++++ Recorded information ++++
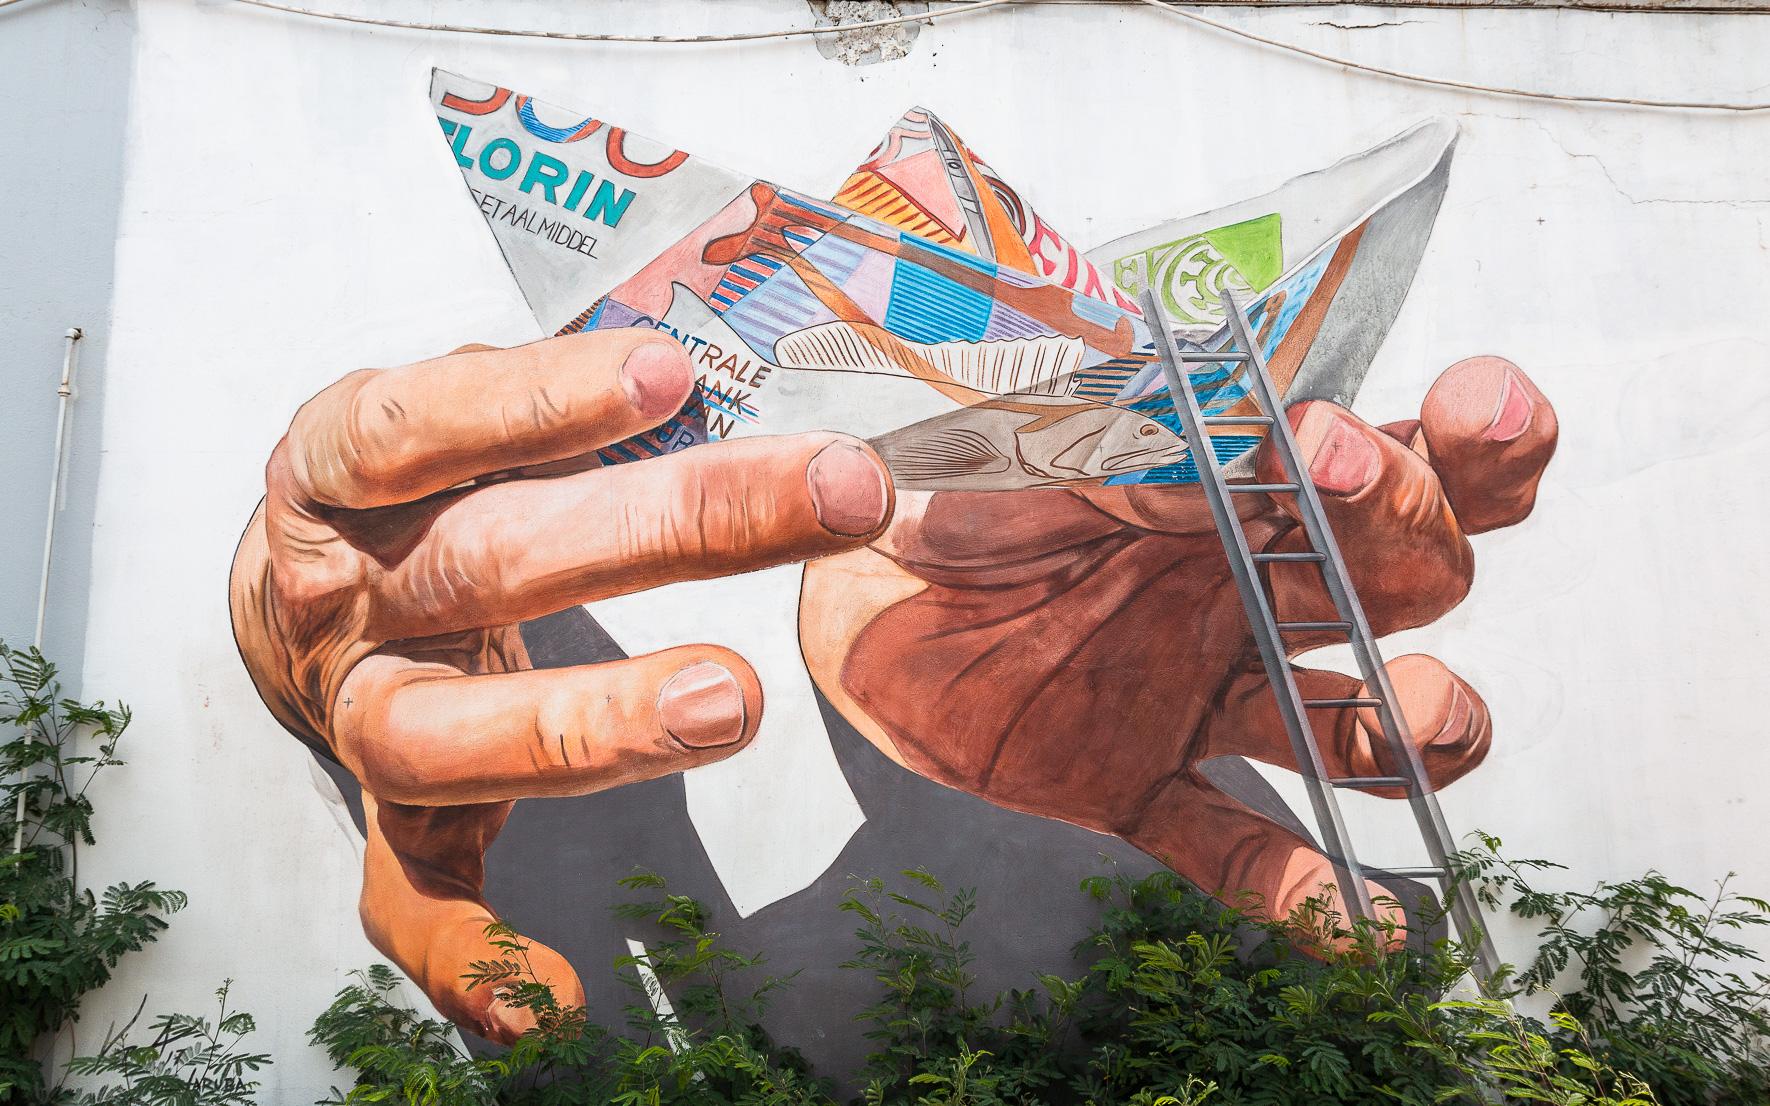 Florin Street Art Aruba, St. Nicolas
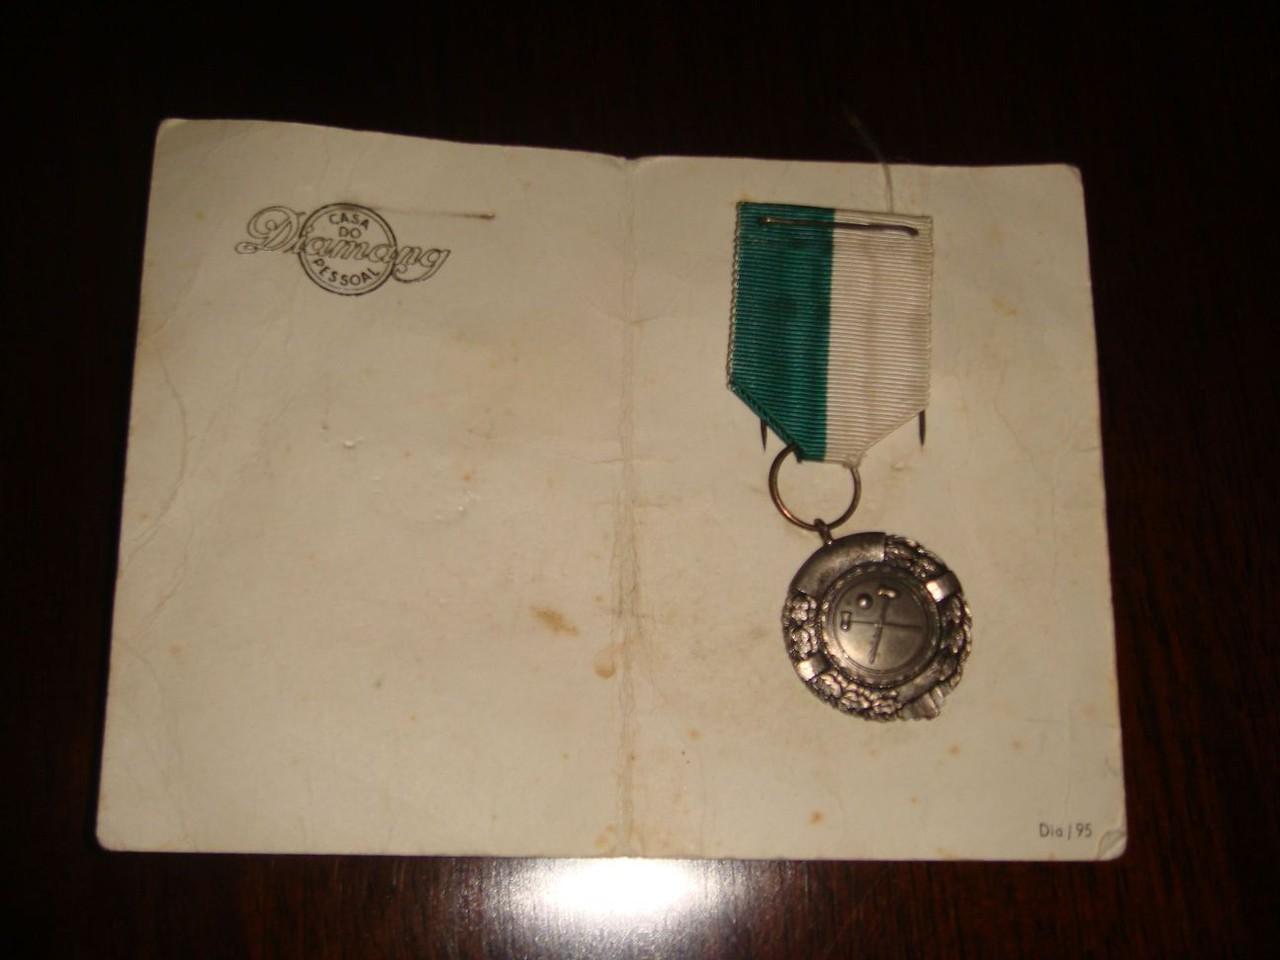 1959 medalha, croquet
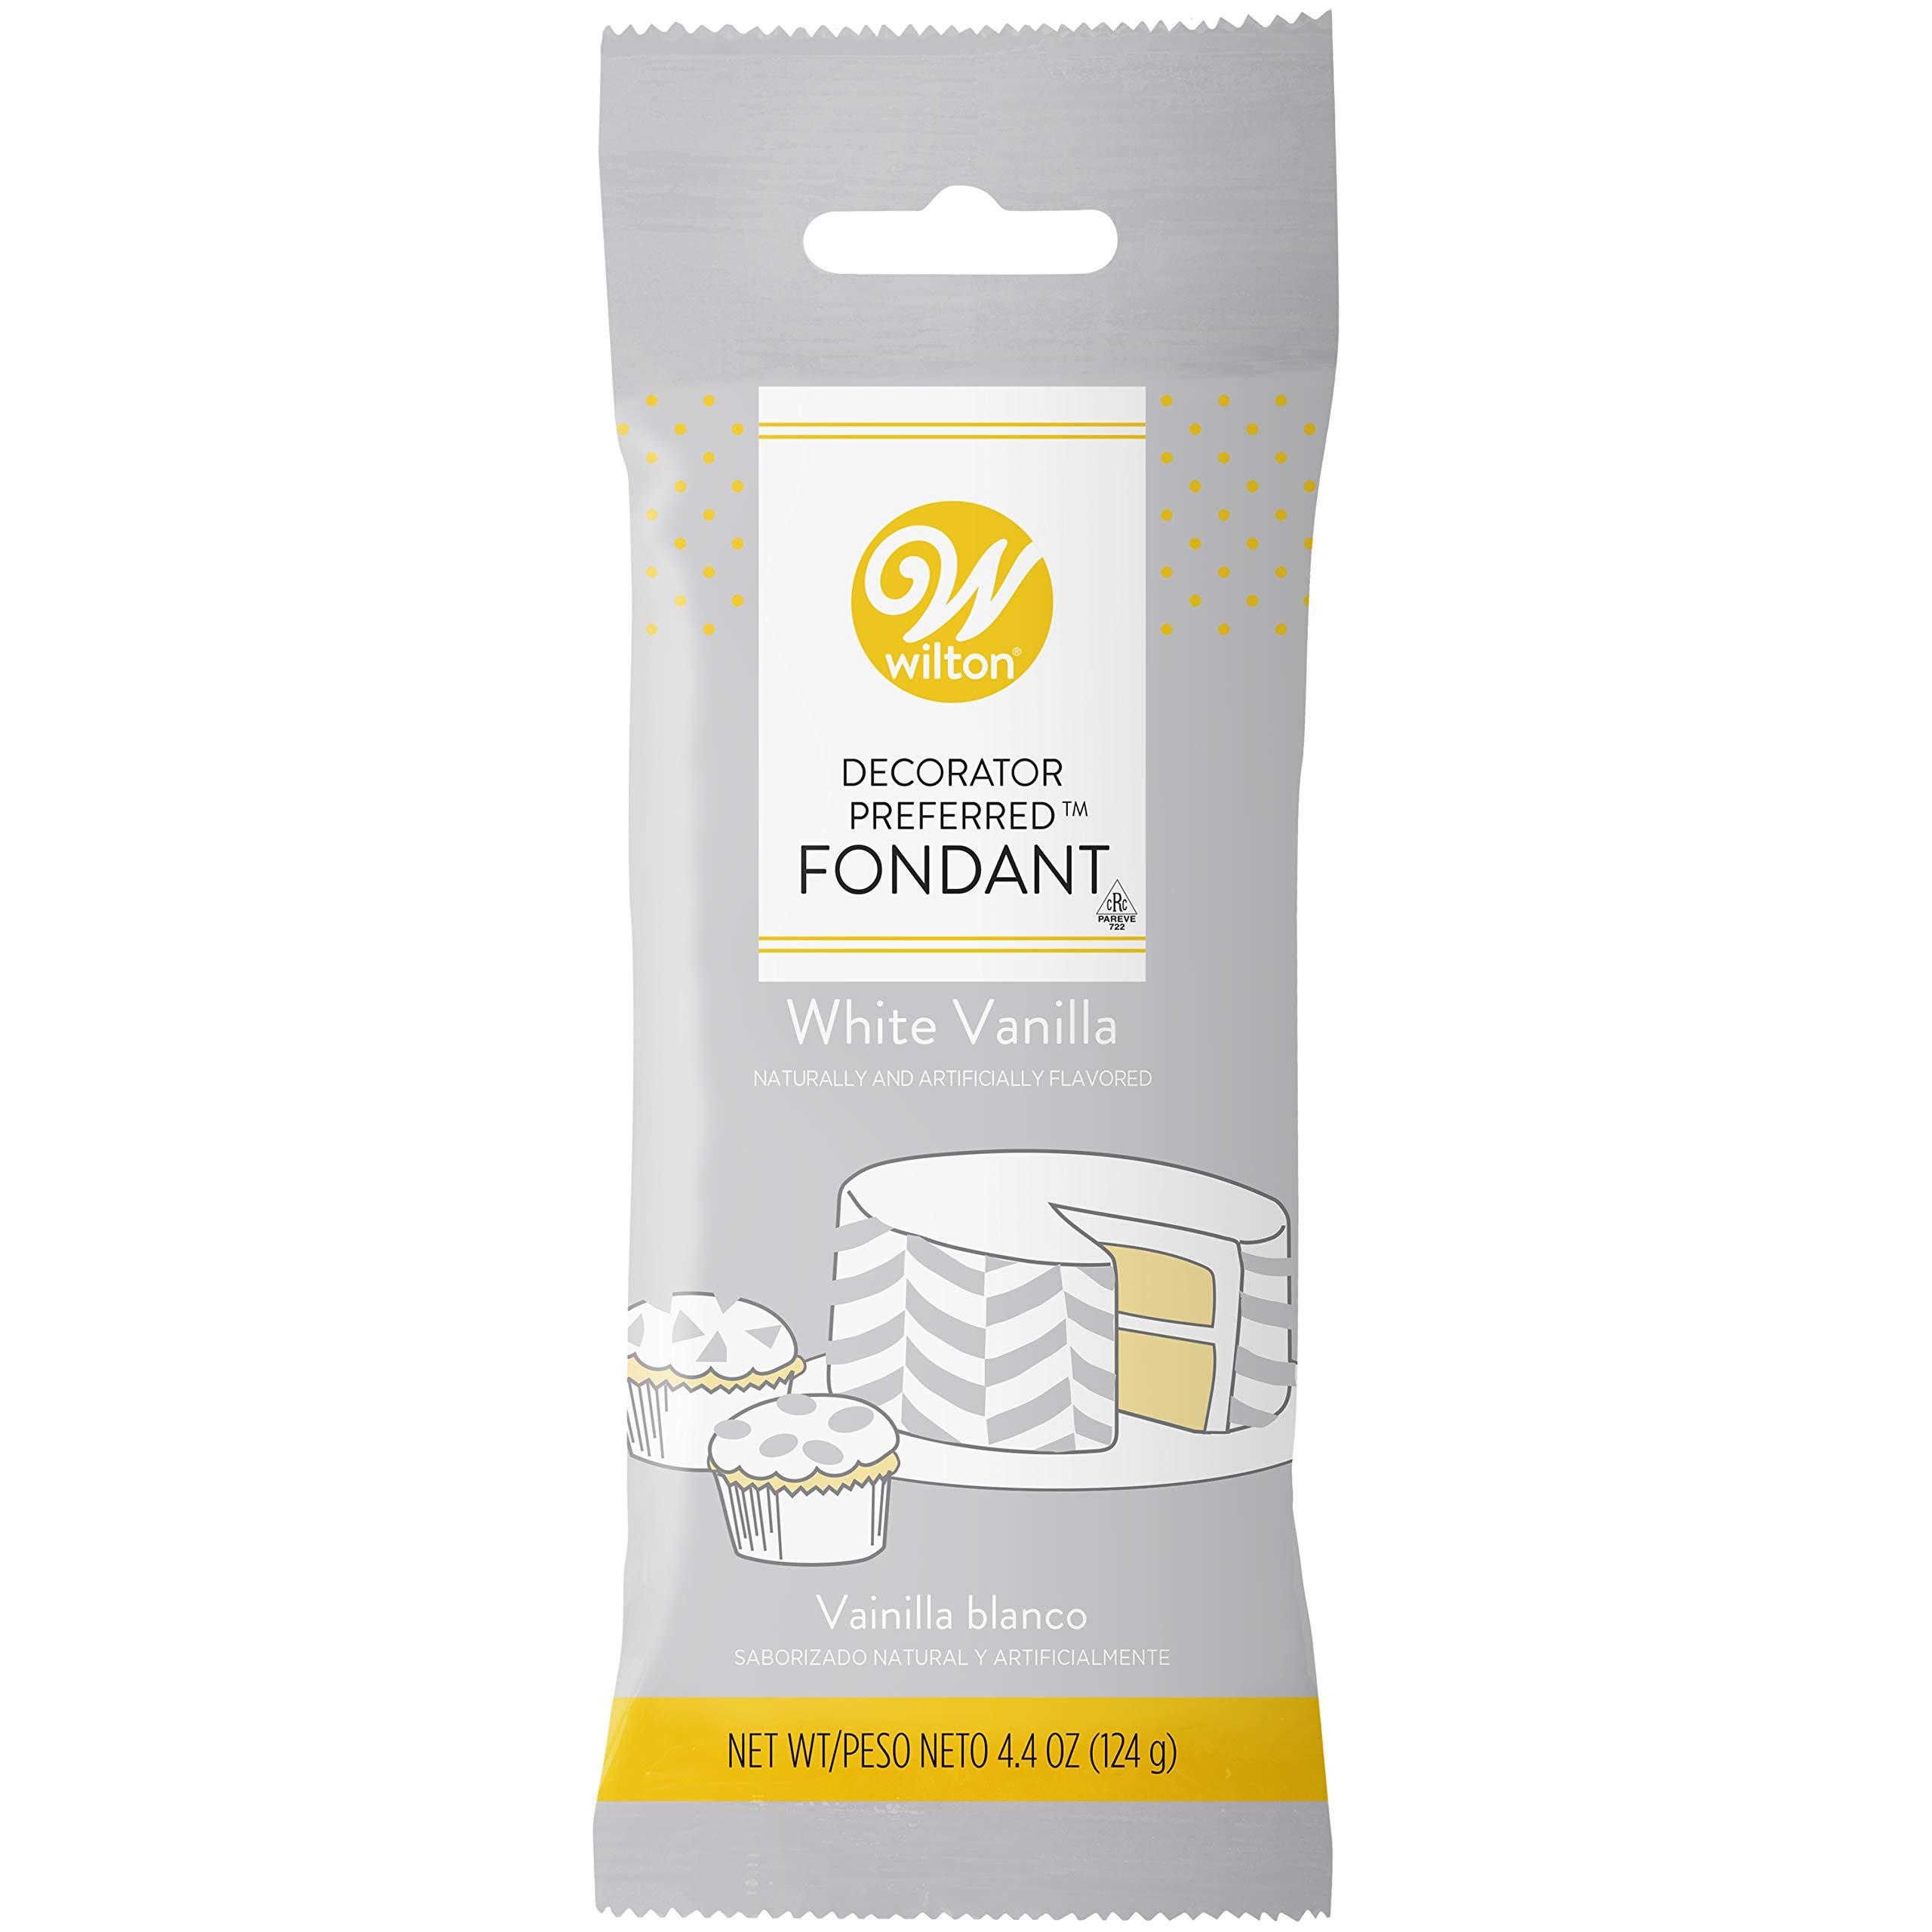 Wilton White Vanilla Decorator Preferred Fondant Pack 4.4 oz. (Packaging May Vary)
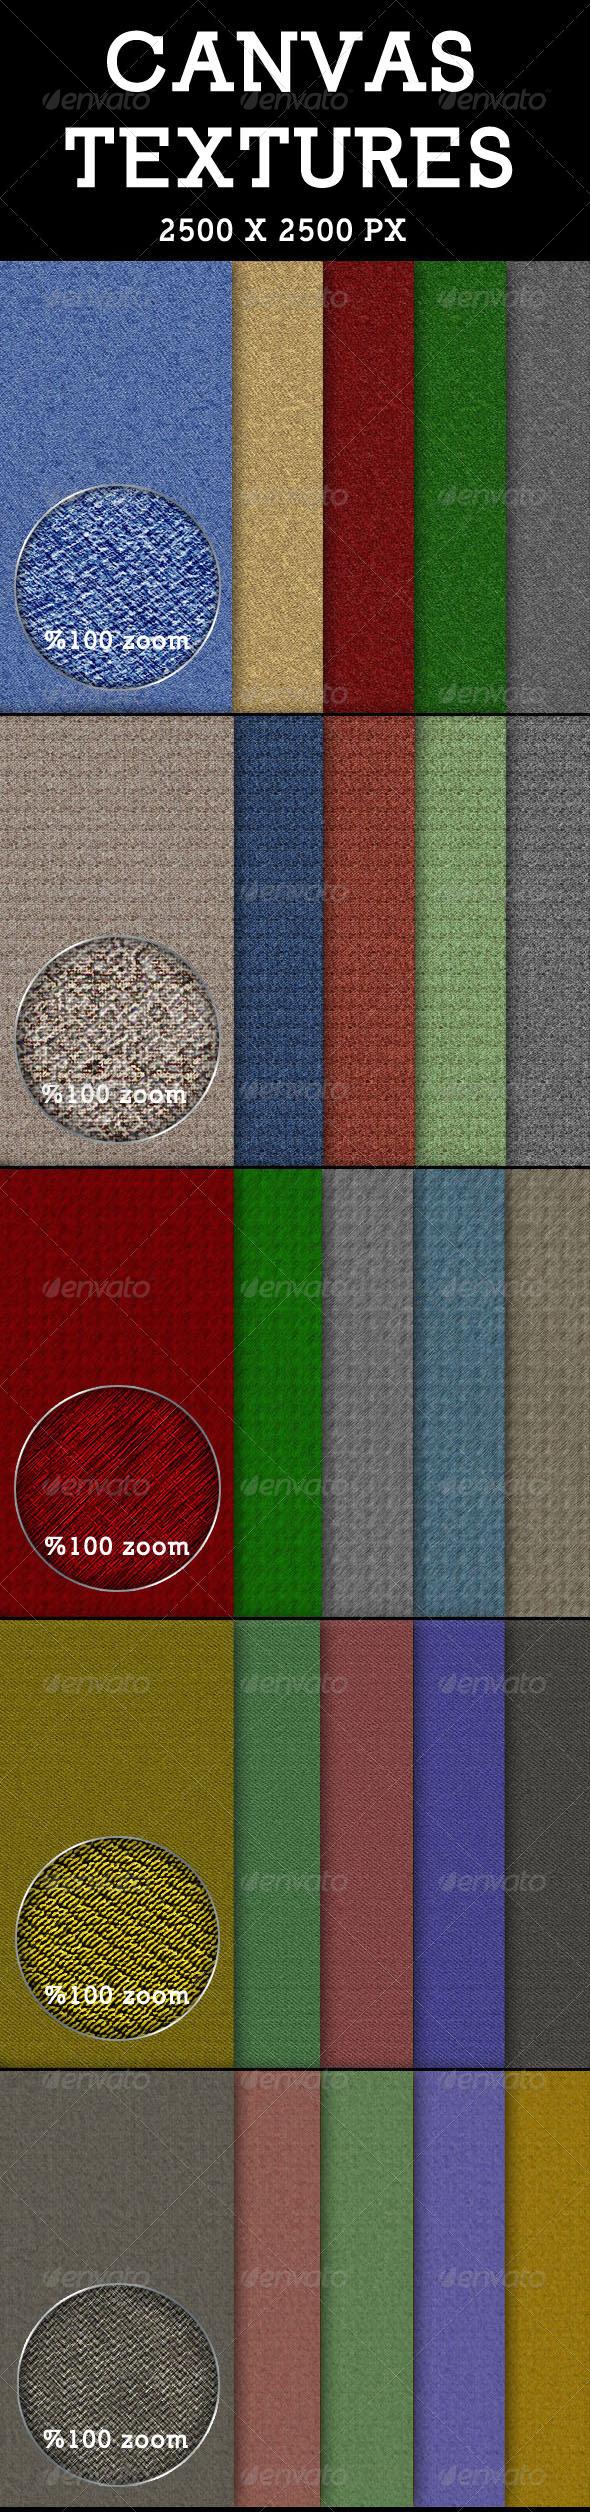 GraphicRiver Canvas Textures 5475806
++++
■ **Work instructions**:
A verbatim copy of the listing, with all pictures removed, is required.

■ **Answer to the exercise**:
 Florin Street Art Aruba, St. Nicolas
 1959 medalha, croquet
 Wilton White Vanilla Decorator Preferred Fondant Pack 4.4 oz. (Packaging May Vary)
 GraphicRiver Canvas Textures 5475806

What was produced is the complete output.